Still Indian? Shooting Indians: A Journey with Jeffrey Thomas by Ali Kazimi
20 October 2021 - 19 November 2021
Co-Production with Reel Asian and imagineNATIVE
Online programming
This fall, SAVAC presents Still Indian?, a film and conversation program produced in collaboration with Reel Asian and imagineNATIVE film festivals. The program highlights Ali Kazimi’s 1997 film Shooting Indians: A Journey with Jeffrey Thomas, originally shown by SAVAC and TRIBE Inc. in 2005 in a program titled Define Indian. Kazimi’s film came at a time when work about Indigenous and immigrant settler relations pushed the envelope in art and filmmaking on Turtle Island. 15 years on, SAVAC is excited to share this work again and revisit the conversation with our community.
Since this film’s inception, the political context of the world has shifted, both in terms of migration and indigenous sovereignty movements. We have seen how 9/11 incited a heightened vilification of people perceived to be “terrorists,” intensified border imperialism, and increased militarization both here on Turtle Island and across the Global South. In 2008, the Canadian government “apologized” for the residential school system, while the Truth and Reconciliation Commission pushed conversations and testimonies of survivors’ harm to the judicial level. Nevertheless, we are still experiencing the mass disappearance and murder of Indigenous women, and blockades are set up across the country to defend Indigenous lands from pipelines and developers alike. While discourse around migration and Indigenous sovereignty have become mainstream, we ask ourselves: does mainstreaming lead to an embodied experience of justice?
The timelessness of Kazimi’s film lies in its emphasis on the friendship between him and Jeff Thomas, who describes himself as an Urban Iroquois photographer. Friendship holds a particular space for cross-cultural dialogue and anti-colonial imagination that remains unprecedented. Through this film, Kazimi artfully demonstrates the potential of solidarity through peer-to-peer pedagogy that comes with long-lasting personal relationships. Existing outside of formalized power structures, this kind of kinship transcends political pitfalls and instead centers the emotional ties that bind people together. Shooting Indians fearlessly works outside of the frameworks of political correctness, and more towards a mutual openness and vulnerability to reach across difference.
You can learn more about the original screening and panel Define Indian, co-produced by TRIBE Inc. and SAVAC in 2005 here.
Still Indian? Panel Discussion with Ali Kazimi and Jeffrey Thomas, moderated by Métis curator Rhéanne Chartrand and Executive Director of SAVAC, Indu Vashist
Ali Kazimi is a filmmaker, author and media artist who was born and raised in India. His work deals with race, social justice, migration, history and memory. Moving to Canada in 1983, he earned his BFA in Film Production from York University. He is the recipient of the 2019 Governor General’s Award for Visual and Media Arts, and the same year he received a Doctor of Letters, honoris causa from the University of British Columbia. Ali is internationally recognized for his documentary films. His critically acclaimed works include Narmada: A Valley Rises (’94), Shooting Indians: A Journey with Jeffrey Thomas (’97), Documenting Dissent (’01), Continuous Journey (’04), Runaway Grooms (’06), Rex versus Singh (’09) and Random Acts of Legacy (’16). In 2006, Kazimi joined the Department of Film, Faculty of Fine Arts, York University as a full-time professor.
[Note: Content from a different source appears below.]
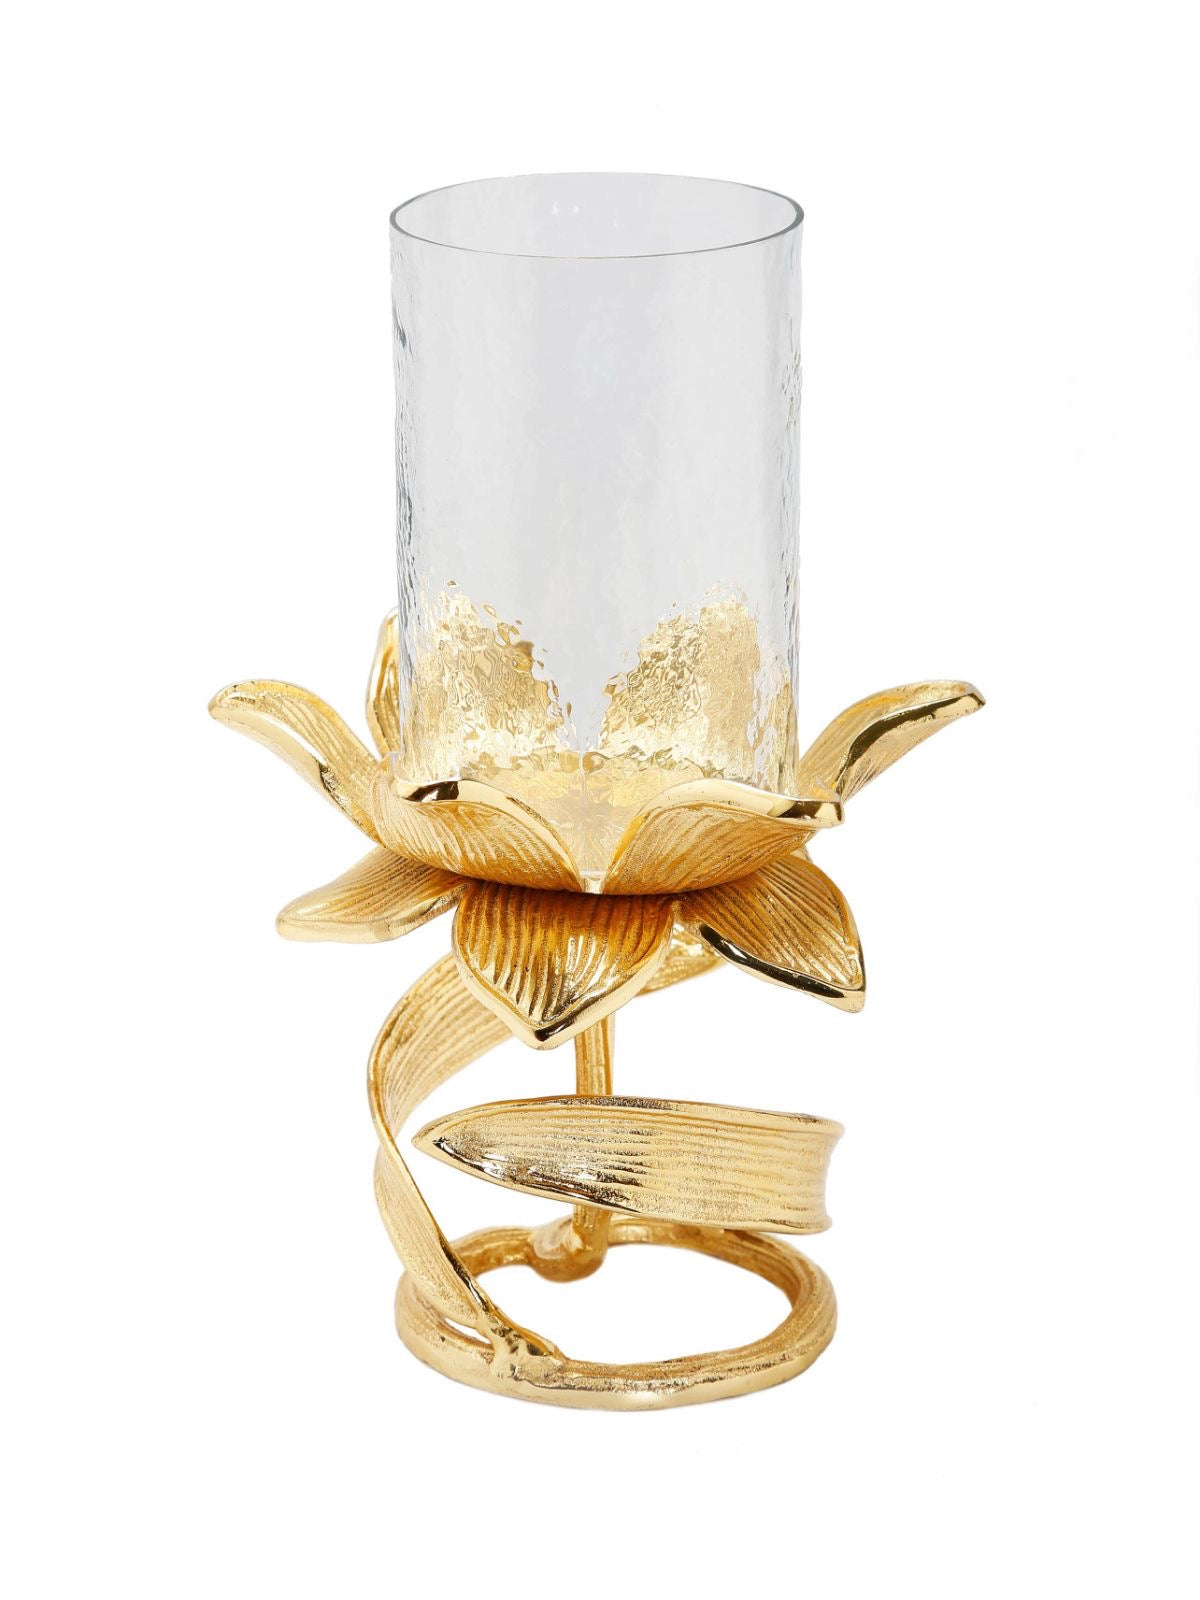 15.75H Hammered Glass Candle Holders on Gold Stainless Steel Floral Stand. Sold by KYA Home Decor.

Jeff Thomas is an independent curator and photographer who deals, in examination of his own history and identity, with issues of aboriginality that have arisen at the intersections of Native and non-Native cultures in what is now Ontario and northern New York state. Nationally recognized for ground-breaking scholarship and innovative curatorial practice in this area, he has been involved in major projects at such prominent cultural institutions in Canada as the Canadian Museum of Civilization, the Woodlands Cultural Centre, the Art Gallery of Ontario, and Library and Archives Canada.
Indu Vashist has been the Executive Director of SAVAC since 2013. She is interested in art that is not precious and words that are precise.
Rhéanne Chartrand (Métis), MMSt, is the Curator of Indigenous Art at McMaster Museum of Art and a sessional lecturer with the University of Toronto, X (Ryerson) University, and McMaster University. Over the past eight years, Chartrand has curated interdisciplinary and multidisciplinary exhibitions, programs, showcases, and festivals for venues and organizations across the GTHA. Her curatorial work focuses on the praxis of survivance, Indigenous epistemes, relational aesthetics, representational politics, and gratitude.